Otra forma algo más "técnica" es realizar la conversión por medio de un Opto-Acoplador.

¿Has pensado  que para medir la frecuencia de la Red Eléctrica únicamente necesitas una Resistencia Ajustable, un Condensador y un Voltímetro AC?. Repasa todo quel rollo sobre la Impedancia Capacitiva.


PD. La frecuencia de la Red Eléctrica no es una medida que se necesite hacer todos los días, se da por supuesto que es de 50Hz o 60Hz, y por supuesto tiene muy buena precisión, lo normal es fiarse de la Compañia suministradora ya que  ella es la primera interesada en mantenerla estable.

Es lo suficientemente precisa para, incluso, utilizarla como "Patrón" en algún tipo de circuito, pe. Relojes.

Sal U2


----------



## marlon isiel (Jun 30, 2013)

y que me dices de ne555 configurado a 1HZ?

hey me podrias ayudar con ese circuito de entrada de AC porque a sinceridad ya es lo unico que me falta montar para ver si funciona?



aqui les dejo otro intento, a ver que me dicen?


----------



## MrCarlos (Jun 30, 2013)

Hola marlon isiel

Para no recibir desagradables descargas eléctricas de tu frecuencimetro puedes agregar un transformador de aislamiento muy pequeño.

Por ejemplo el que tienen los cargadores de celulares. Uno que sea para el voltaje a donde vas a conectar tu frecuencimetro y tenga un secundario de Aprox. 12VAC.

Luego agregas la circuiteria que se ve en la imagen adjunta.

Nota que hay que calcular la resistencia y seleccionar el diodo Zener; además seleccionar un inversor, de acuerdo a la familia de IC’s que utilizas en tu medidor. Si son de la familia TTL o de la familia CMOS.

El circuito que presentas en tu mensaje #28 también es peligroso pues una de las líneas de AC está conectada a la tierra del medidor. Tendrías que aislarlo muy bien.
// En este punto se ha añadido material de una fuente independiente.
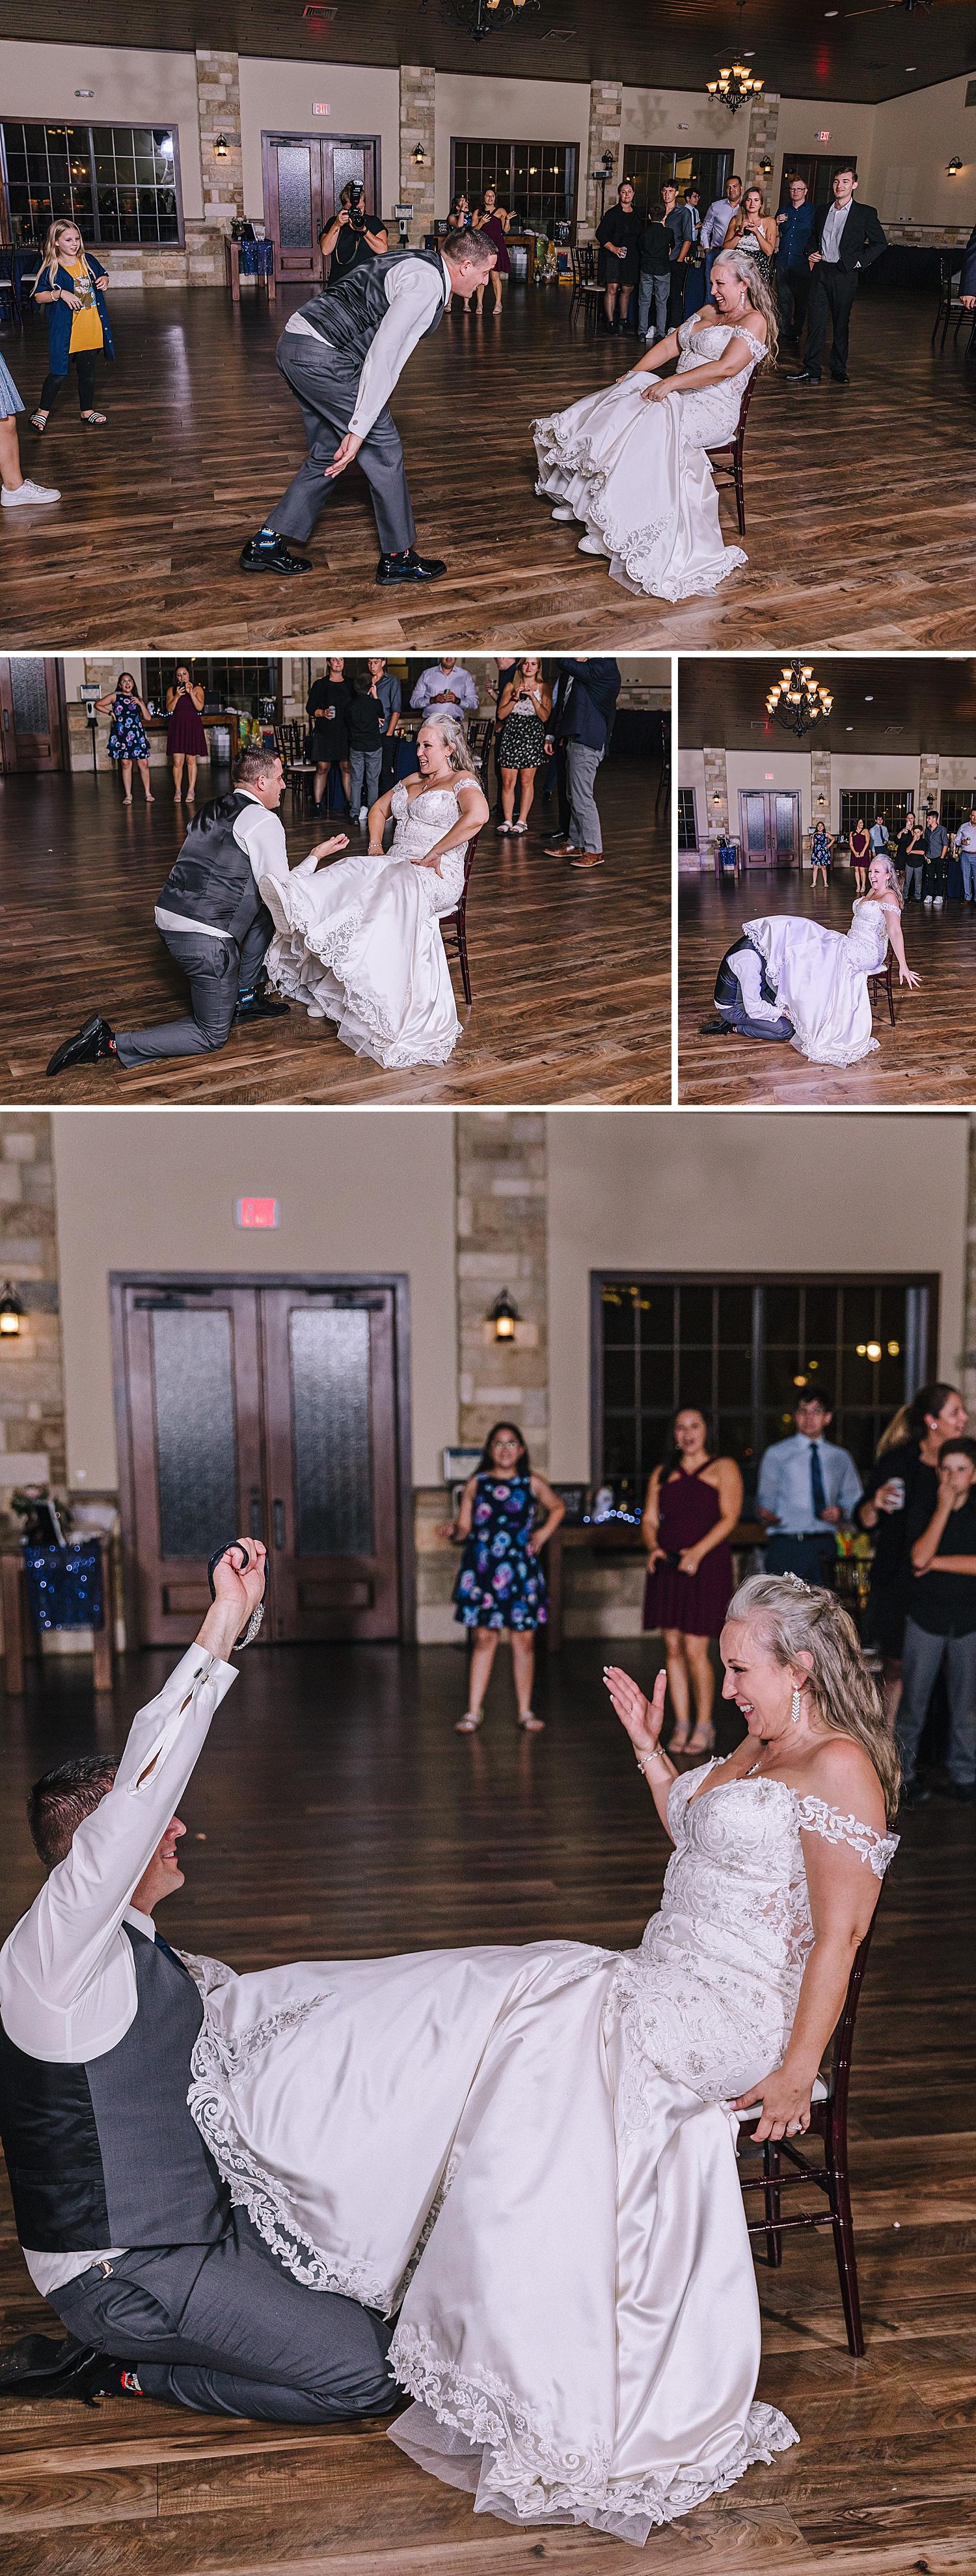 The-Club-at-Garden-Ridge-Military-Wedding-Carly-Barton-Photography_0102.jpg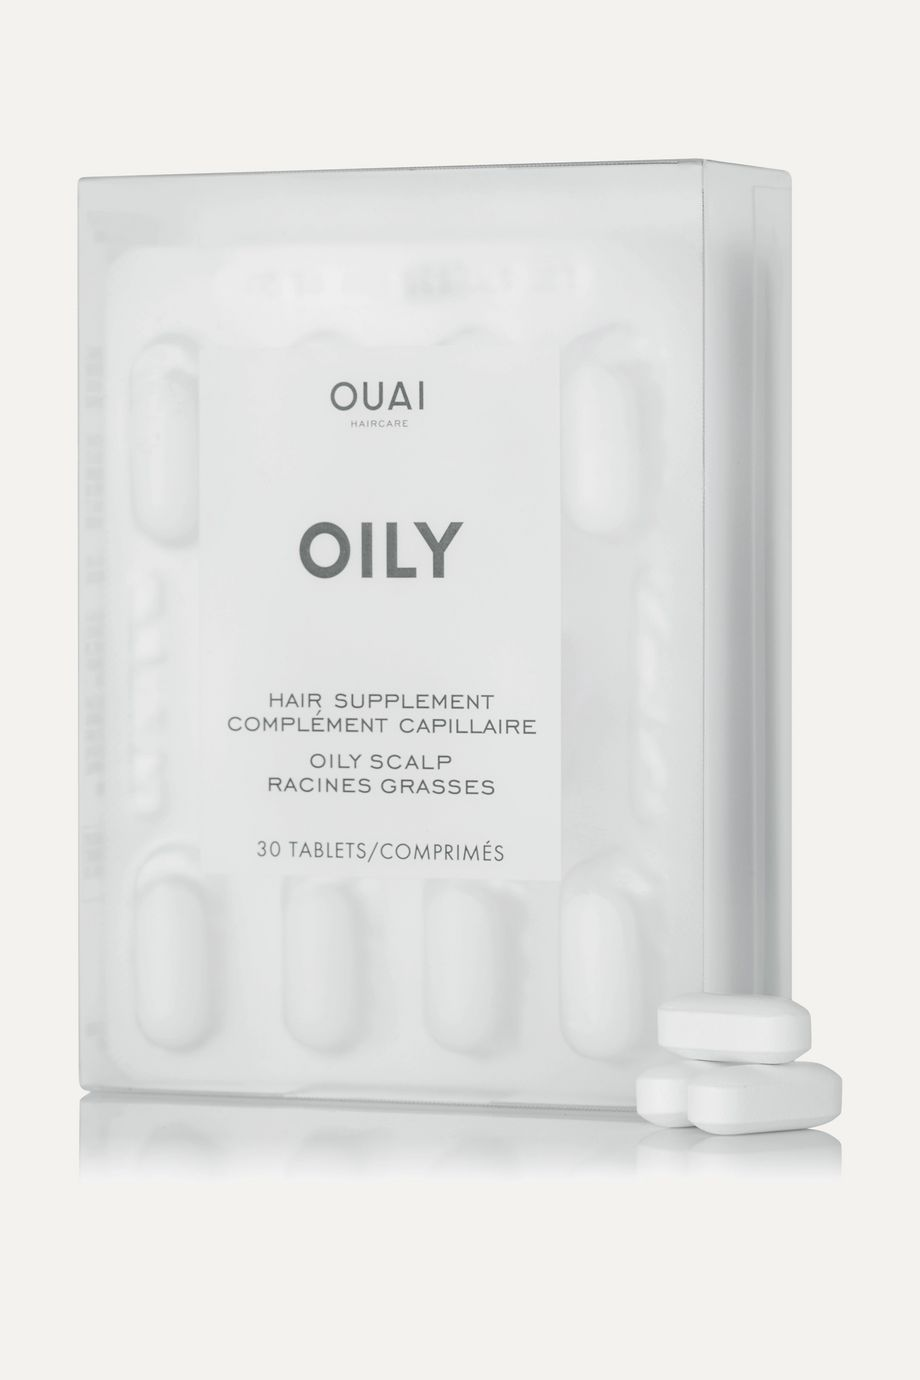 OUAI Haircare Oily Scalp Supplement (30 capsules)

Referente al oscilador de 1Hz que mencionas: en Google.com puedes encontrar un programa el cual puedes instalar en tu PC para actual y futuros cálculos de esos osciladores con el 555.

Qué simulador, para circuitos electrónicos, tienes instalado en tu PC ??

saludos
a sus ordenes


----------



## marlon isiel (Jun 30, 2013)

muchisimas gracias. bueno tengo dos simuladores el proteus y el liveware.
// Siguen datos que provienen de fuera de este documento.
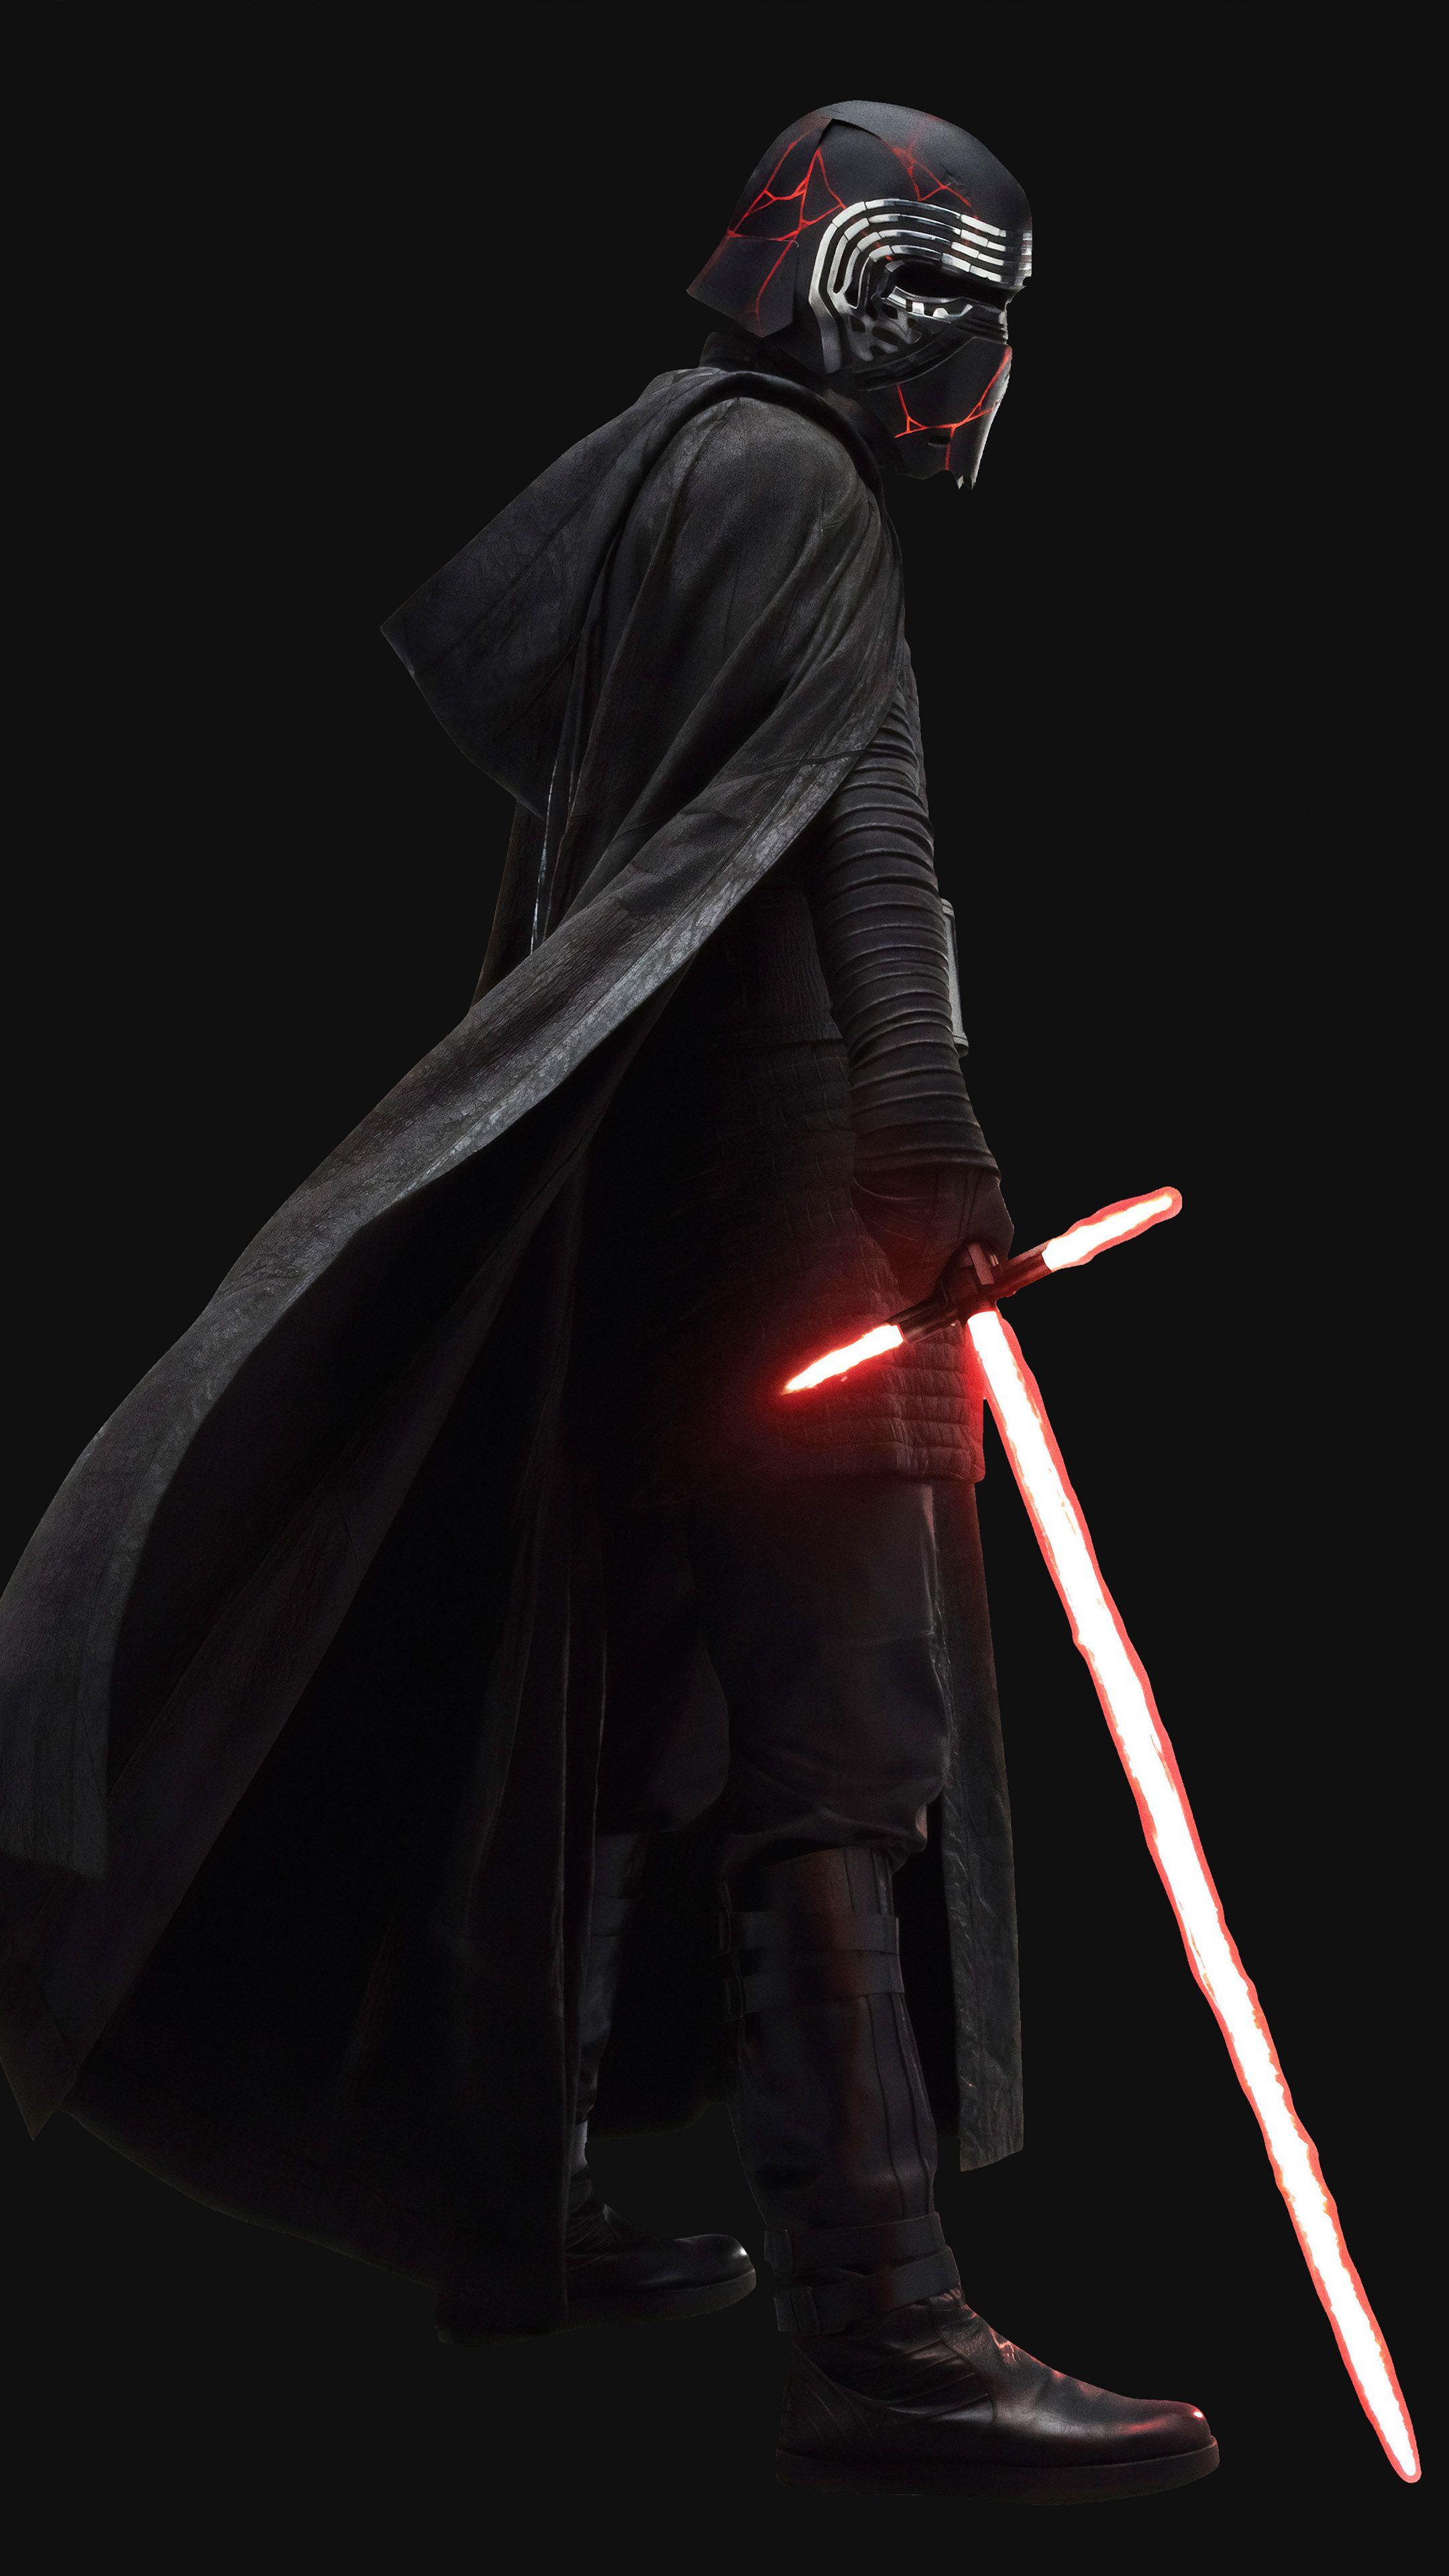 Kylo Ren Star Wars The Rise Of Skywalker Ren Star Wars Star Wars Background Star Wars Images

por lo visto ese transformador es de 120VAc a 24VAc.

bueno yo estoy usando para la entrada la familia CMOS y para los contadores la TTL. puedo usar ese mismo que usaste o el 4069

en cuanto al transformador desarmare un cargador de celular que tengo.
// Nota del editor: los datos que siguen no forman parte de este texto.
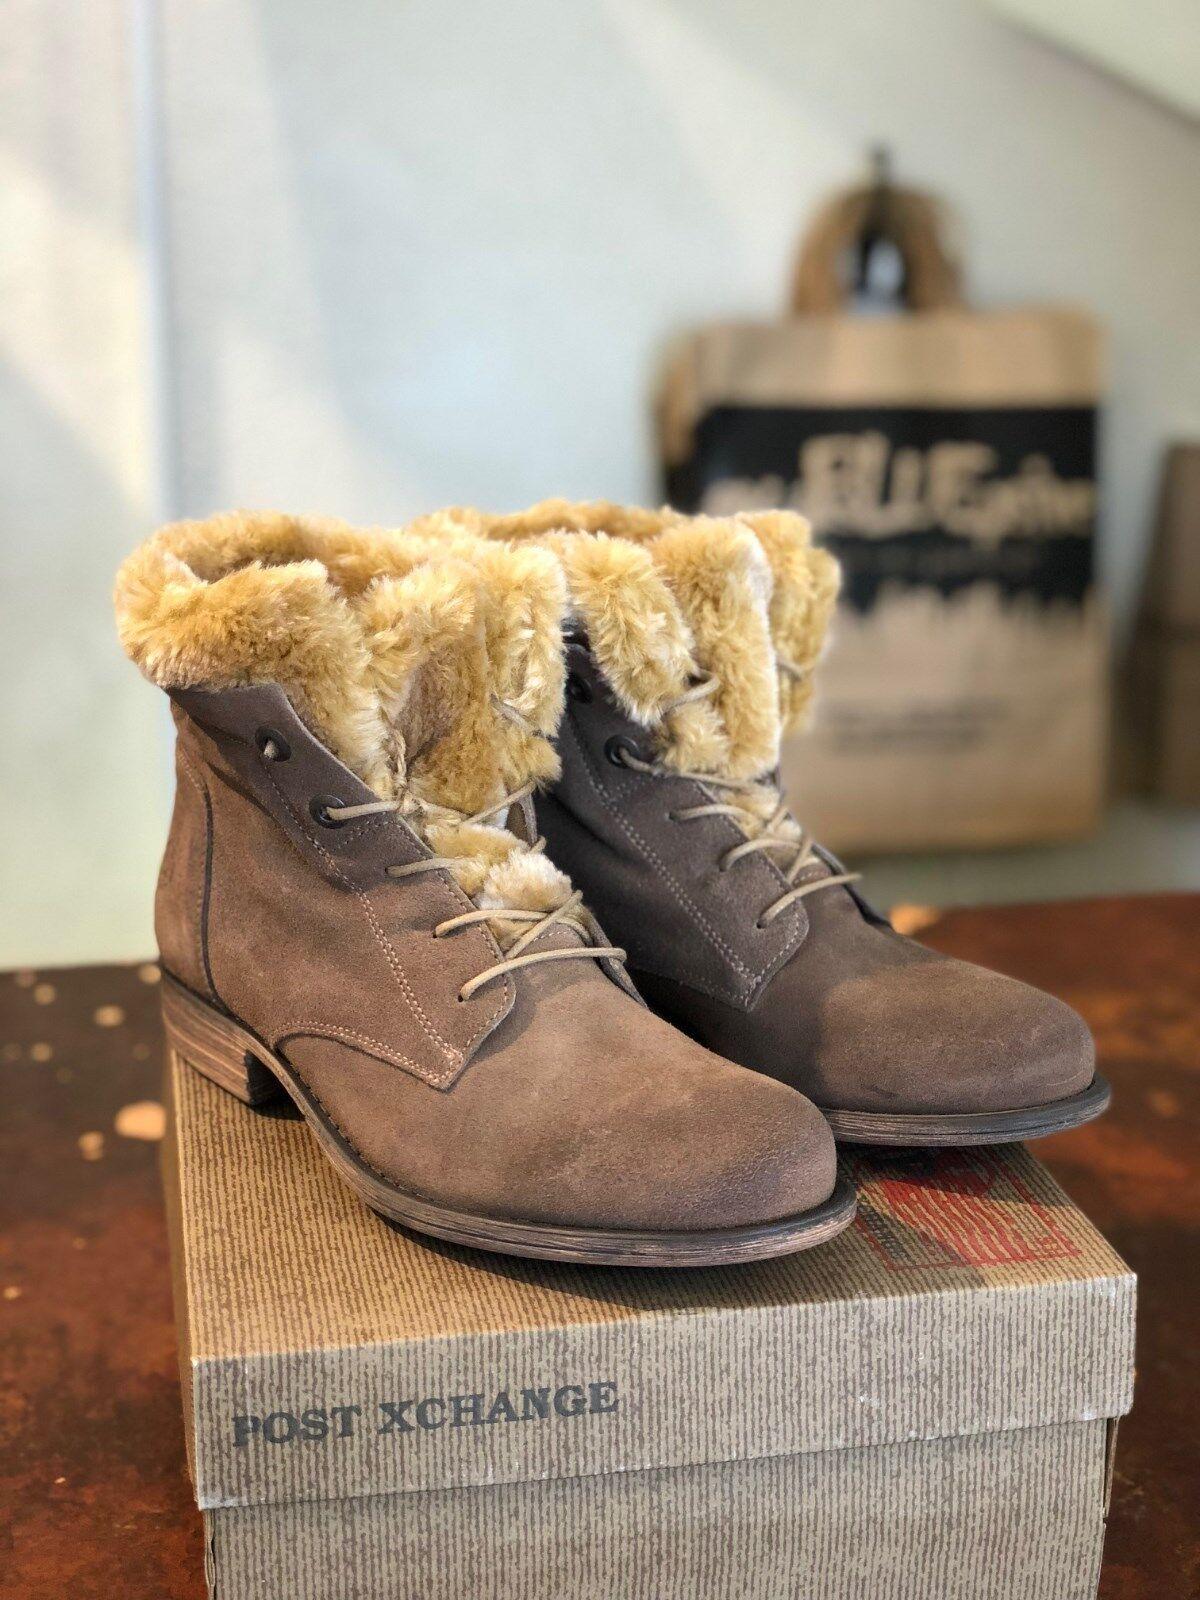 Damen Schuhe Schnürstiefelette Post Xchange Jessy 800 Taupe EU Größe 40 OP 99,90 EU Taupe 25d86c

y cuanto a calcular la resitencia te refieres al valor en si de la resistencia o los watts y con los 24 0 12 VAC que me entregan los secundarios?

y en cuanto al zener uno de 7v se me hace mas factible


----------



## MrCarlos (Jul 1, 2013)

Hola marlon isiel

Dices: *por lo visto ese transformador es de 120VAc a 24VAc.*
También podría ser uno de 120VAC a 12VAC.

Dices: *bueno yo estoy usando para la entrada la familia CMOS y para los contadores la TTL. puedo usar ese mismo que usaste o el 4069*
Procura utilizar todos de la misma familia. A menos que sean compatibles los de la familia CMOS y TTL que estás utilizando.

Dices: *en cuanto al transformador desarmare un cargador de celular que tengo.*
Qué voltaje(s) da ese transformador que desarmaste, en el secundario ??.

Dices: *y cuanto a calcular la resitencia te refieres al valor en si de la resistencia o los watts y con los 24 0 12 VAC que me entregan los secundarios?*
A todo. El valor de la resistencia, de cuantos Watt’s. Esos valores dependerán de que voltaje estés aplicando, ya sean 24 o 12.

Dices: *y en cuanto al zener uno de 7v se me hace mas factible*
Pero si utilizas el 4069 éste requiere que los pulsos tengan una magnitud de 9VDC. Aunque habría que revisar las hojas de datos de éste para ver si funciona con pulsos de 7V en su entrada.

El valor de la resistencia y sus Watt’s se puede calcular por medio de la ley de Ohm.
Pero nos faltan algunos datos:
*A-* El número de identificación del Zener para analizar sus hojas de datos y qué corriente requiere para que trabaje precisamente en el Codo Zener.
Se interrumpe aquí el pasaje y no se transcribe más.